The Library of Congress Audio-Visual Prototyping Project Carl Fleischhauer Office of Strategic Initiatives, Library of Congress Sound Savings Conference University of Texas, Austin July 25, 2003 This slide show: lcweb.loc.gov/rr/mopic/avprot/SoundSavings03.ppt
National Audio-Visual Conservation Center New Library of Congress facility for the Motion Picture, Broadcasting, and Recorded Sound Division (M/B/RS) Facility funded by the Packard Humanities Institute Will be in Culpeper, Virginia, 70 miles from Washington Planned to go operational 2005
Audio-Visual Prototyping Project Collections from the M/B/RS division and the American Folklife Center at LC Emphasis: reformatting endangered materials, especially magnetic tapes and instantaneous discs Current work: audio Future activities: video, copyright MP3s, content from web sites Prototyping period:
Motive 1: Alternative Preservation Approach Shortcomings of conventional practice: reformatting onto analog magnetic tape 1 Short life expectancy 2 Generation loss with each copy 3 Cessation of manufacture of analog tape and tape recorders
Motive 1: Alternative Preservation Approach Desire to work in the digital realm Emerging issues –Deterioration of tangible born-digital, e.g., CD-Rs acquired by LC from music composer copyrights –Emerging issue: preserving intangible born-digital content, e.g., MP3s from copyright and other acquisitions
Motive 2: Provide Access Limited access, since most items protected by copyright or require consideration of folk performer prerogatives LC researchers on Capitol Hill, collections in Culpeper Possible future authorized remote research sites
Illustration : sample preserved item We want to reproduce the artifact as a whole This example is a Marine Corps recording from the South Pacific in WW II –Audio from a disc copy of an Amertape Recording Film original (film-with-grooves) –Images depict the film container and the disc label
Initial display of navigation tree and thumbnails
Close-up display of image & file-level metadata
Preservation Concept Content takes the form of information packages aka digital objects Information packages consist of data (e.g., audio and image files, ) and metadata
Preservation Concept Not a CD or DVD approach Packages managed in digital repository Repository is server and storage-system based Paradox: –Content at any given moment depends upon systems and media –Content must be system and media independent
Four issues 1. Selecting the target format for reformatting 2. Quality of the reformatted copy 3. Shaping the object/package and the importance of metadata 4. Longevity in “media-less” environment
Issue 1 Selecting the format
Selecting the format Disclosure –are specifications and tools available? Adoption –is the format already in wide use? Transparency –is encoding open to analysis with basic tools?

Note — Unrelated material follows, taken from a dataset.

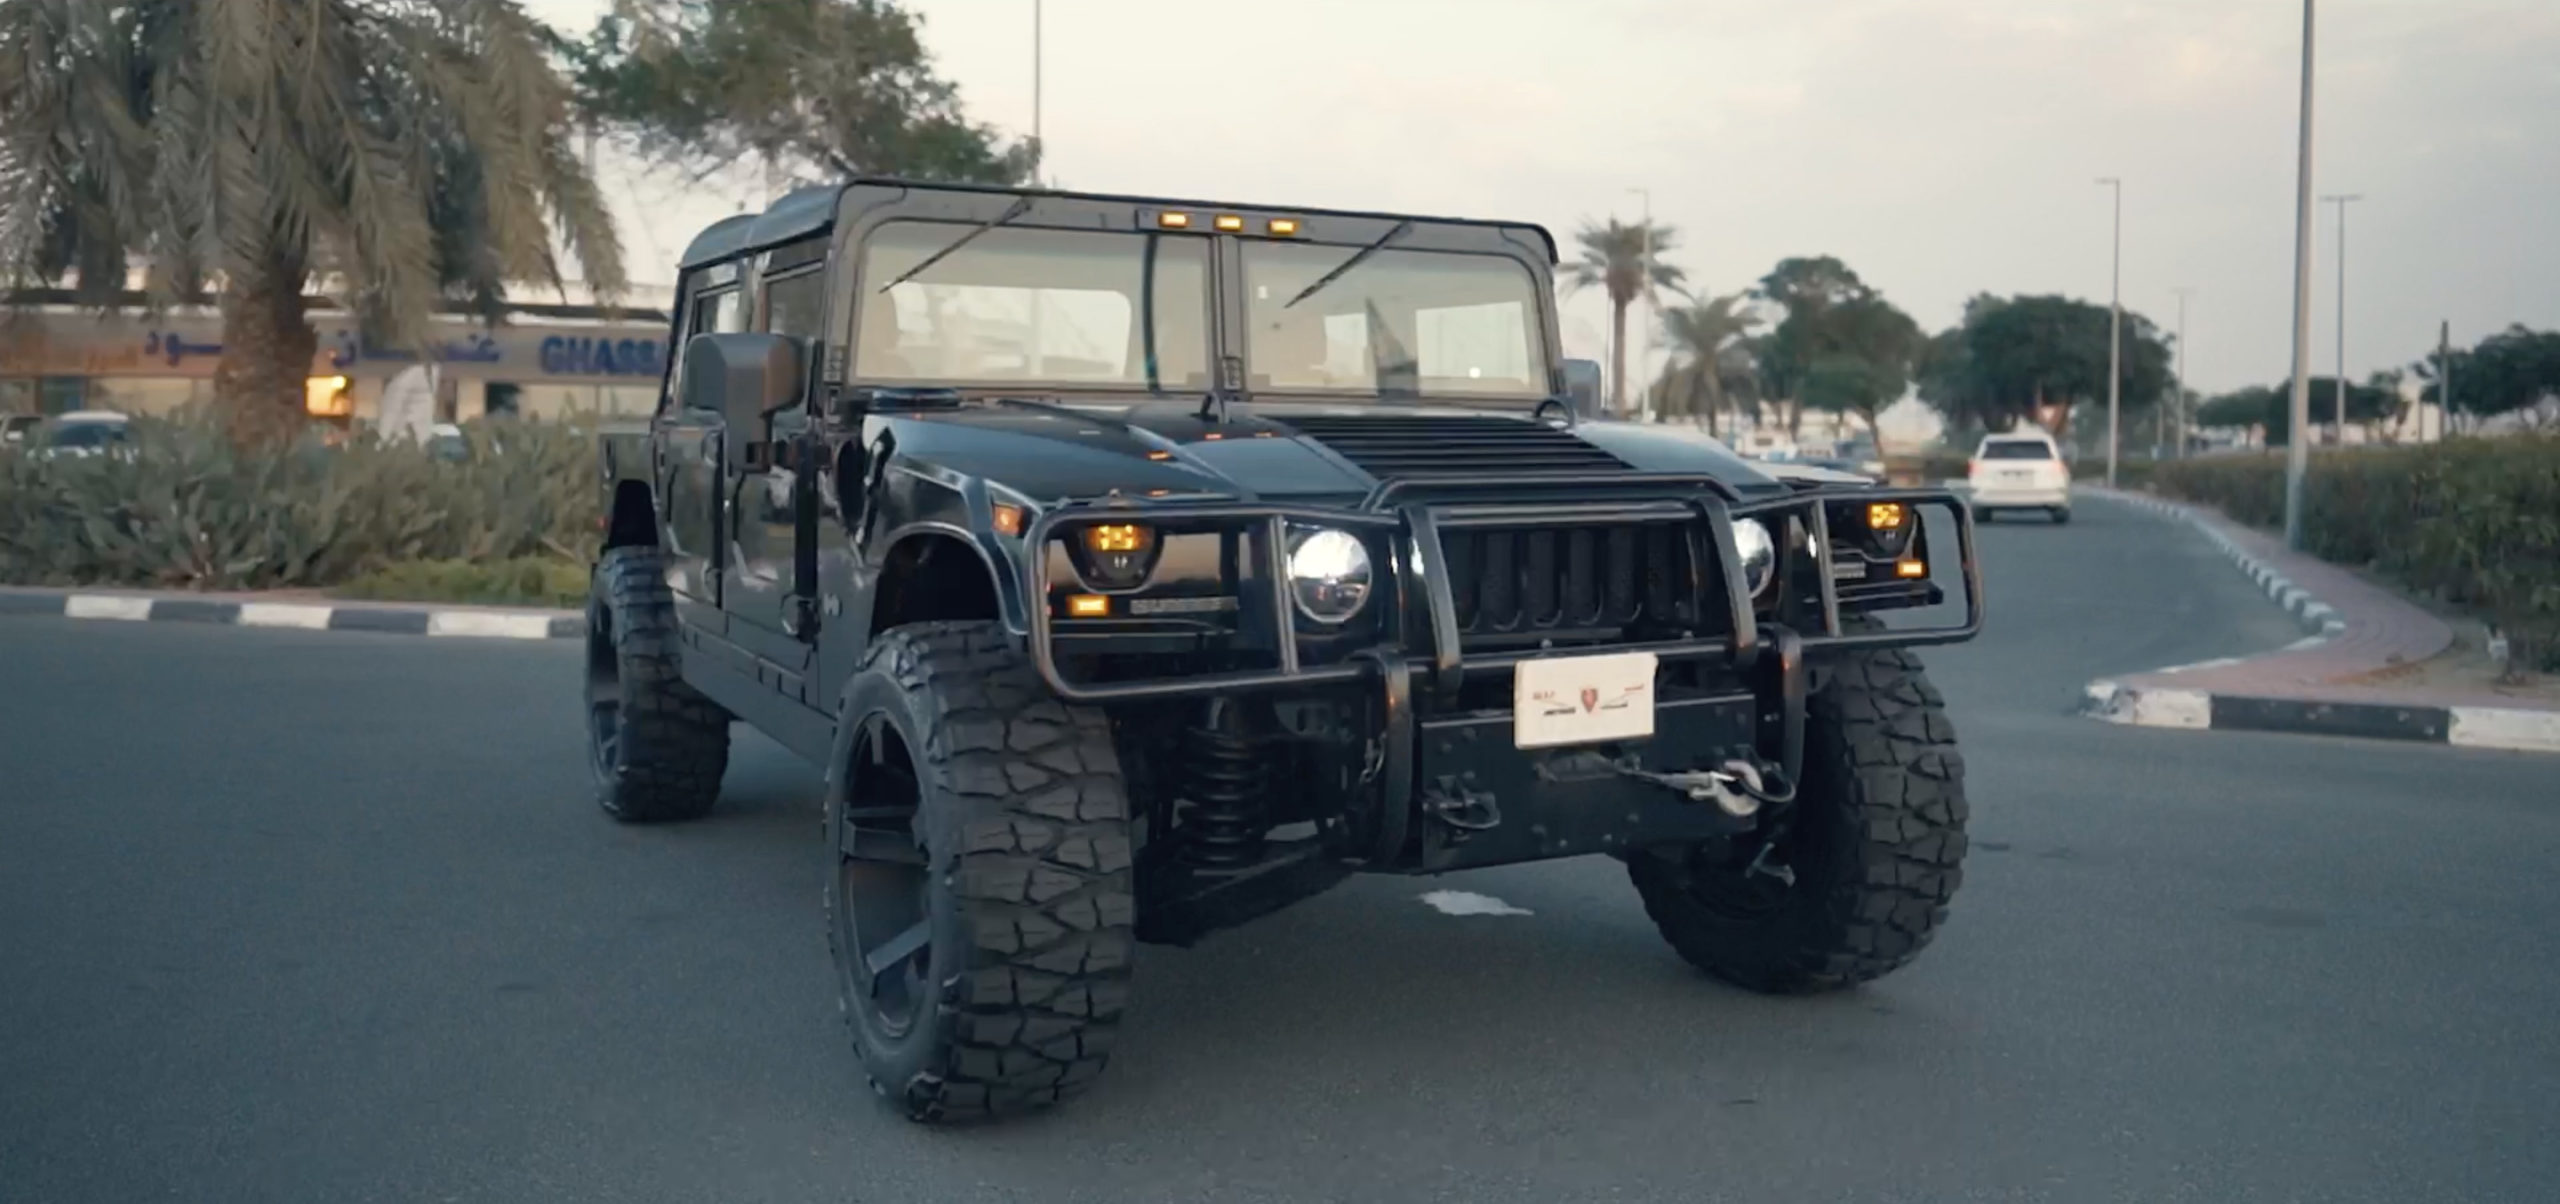 DubiCars Exotic Car Of The Week — Hummer H1: A One-Of-20 Exclusive With Aircraft-Grade Body Panels
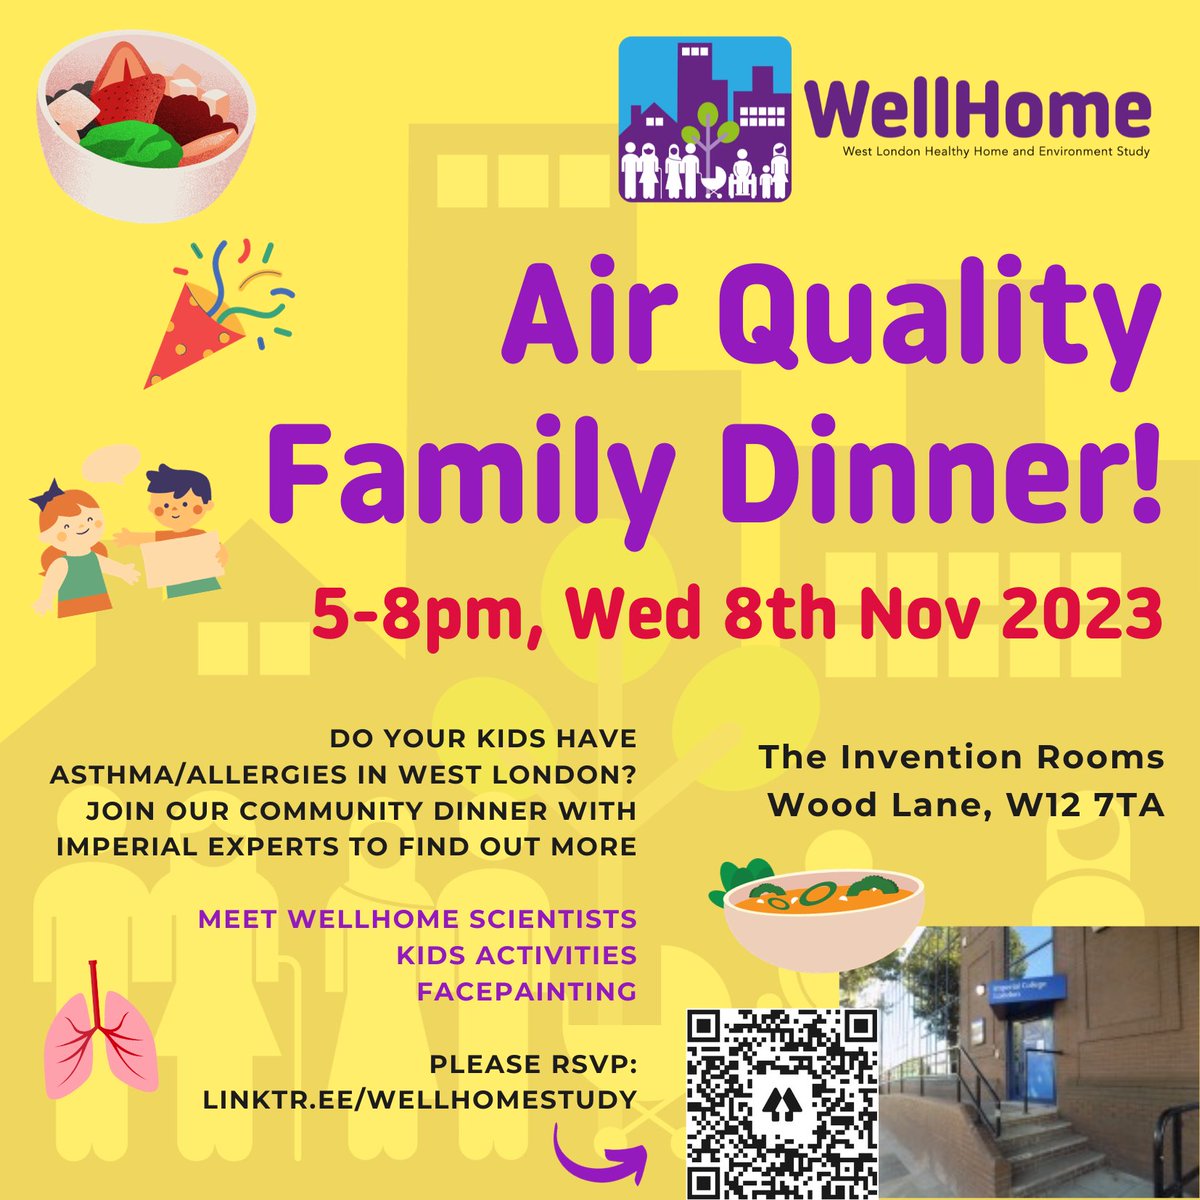 🫁 Just 5 days until our WellHome Family Dinner @InventionRooms! 🎉 On @WorldVentil8Day, celebrate our 1 year anniversary with @ERGImperial scientists, partners & families... 🎨Kids activities 🌬️Ask Qs w/ #Asthma specialists 🥙Yummy food RSVP by 5 Nov: imperial.eu.qualtrics.com/jfe/form/SV_79…

Selecting the format Self-documentation –does object include metadata that explains how to render or understand context? Fidelity –support for high resolution audio Sound field –support for stereo and/or surround sound
Audio formats Audio masters –Bitstream: PCM sampling, uncompressed –File format: WAVE (higher res) –One-bit-deep formats (e.g., SONY DSD) of interest but “ahead of the game” for us Service files –WAVE (lower res) and MP3
Image formats Image Masters –Bitstream: Uncompressed bitmapped –File format: TIFF S ervice copies –JPEGs
Issue 2 Quality of the Reformatted Copy
Key Parameters Sampling frequency –Render the waveform as “dots” –More dots contribute to greater accuracy, capable of rendering high frequency sounds –Expressed as kilocycles per second or kiloherz –Compare to spatial resolution for images –Higher “pixels or dots per inch” contribute to better clarity
Key Parameters Word length, bit depth –Greater bit depth means greater precision in locating the sample in terms of amplitude –Greater bit depth means greater capacity to represent dynamic range –Expressed as bits per sample –Compare to tonal resolution (color) for images –Higher “bits per pixel” mean more accurate color
Staff discussion of parameters... Consensus on word length –Everyone is sold that 24 bit is better than 16 –Based on listening, objective measurement possible –“Extra data will protect you when the original has wide or varying dynamics, or if an operator makes a mistake.” –Compare to imaging and a downstream benefit Master image at 12 or 16 bits per channel Manipulate for aesthetic effect, save at 8 bits No gaps in your histogram
Staff discussion of parameters... Less consensus on sampling frequency –Some of us thought this was the relevant question: “What is the range of frequencies we might expect in this item?” 78 rpm disc from the acoustic era –8-10 kilocycles per second, or less –Rule of thumb: digitally sample at 2x frequency –Will 25 kilocycles per second suffice? Folk music collector with a Nagra in 1970s –14-18 kilocycles per second –Will 44 or 48 kilocycles suffice?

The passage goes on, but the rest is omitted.